I wasn’t thinking about art at all. I was thinking about my 9th grade school picture. My braces, safety pin earrings and the 5 layers of shirts I’d wear instead of a bra, because bras were terrifying. It’s been 22 years since I was a freshman and now here I was. I had 10 minutes. 600 seconds to sum up who, what, when, where, and why I was an artist. I showed them some of my early paintings and compared them with my newer paintings, to show how far I had come on my own. But as I was showing off, it felt off. Just a parlor trick to get out of saying what I wanted to say. What I would have told 15 year old Anna.
I wanted to tell them that I didn’t choose art. Art chose me. It spoke to me. A subtle, soft whisper in my heart. I wanted to tell them to listen to their hearts. That art is a calling and it calls to everyone.
We are all born with creative spark, that instinct to make something out of nothing. As kids, we don’t hesitate to draw, paint, build, sing, dance—until one day, we start believing that creativity belongs only to a select few.
I wanted to tell them that art is bigger than a career path. It’s bigger than a business, a talent, or a degree. Art is a way of seeing, a way of moving through the world with curiosity and courage.

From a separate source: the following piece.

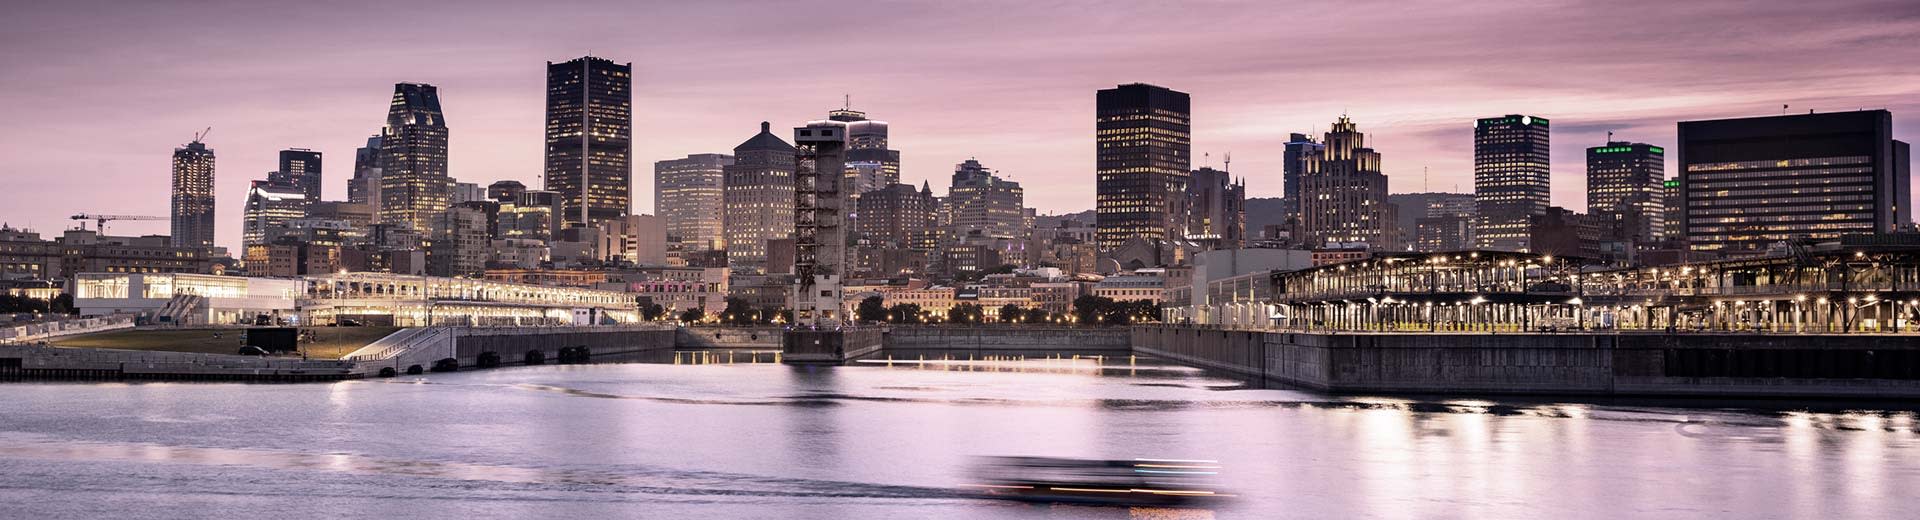 Contre un ciel violet, nous voyons les gratte-ciel du centre-ville de Montréal devant un plan d'eau sombre.		
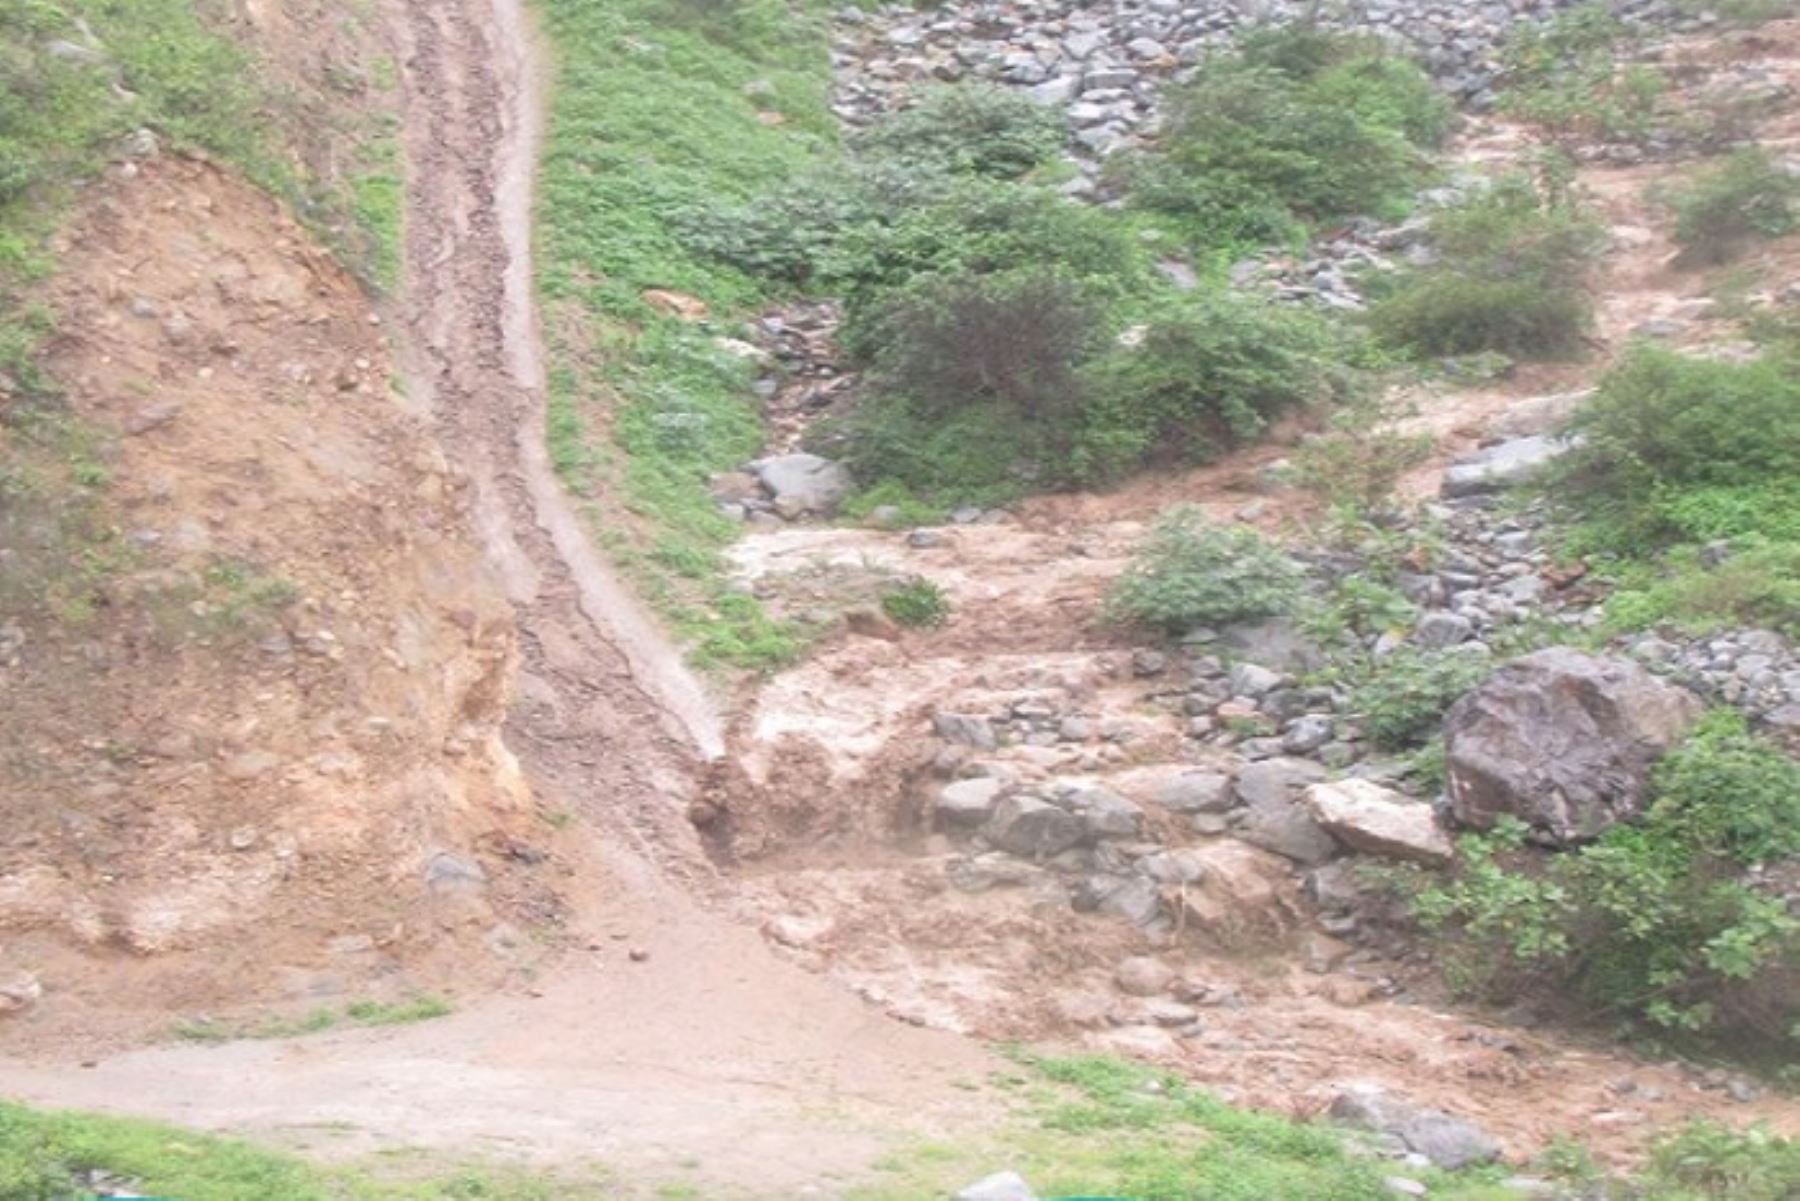 Lluvias intensas provocaron un huaico que ha afectado la vía Caraz - Pamparoma, en la sierra de la región Áncash, informó el Centro de Operaciones de Emergencia Regional (COER).

I wanted to tell them that art is a time machine - a conversation between the past and the future, a way to reach across timelines. Our creations can carry our voices beyond our own time. Speaking to people we’ll never meet, long after our hands have turned to dust.
I wanted to tell them that art is proof that ideas are real. That thoughts—just wisps of energy in our brains—can take form in the world. That we can pull something from nothing, from the ether, from the deepest places inside us, and we make it real.
I wanted to tell them to hold onto their artistic birthright. That it’s of vital importance to get a grip of their creativity and to not let go.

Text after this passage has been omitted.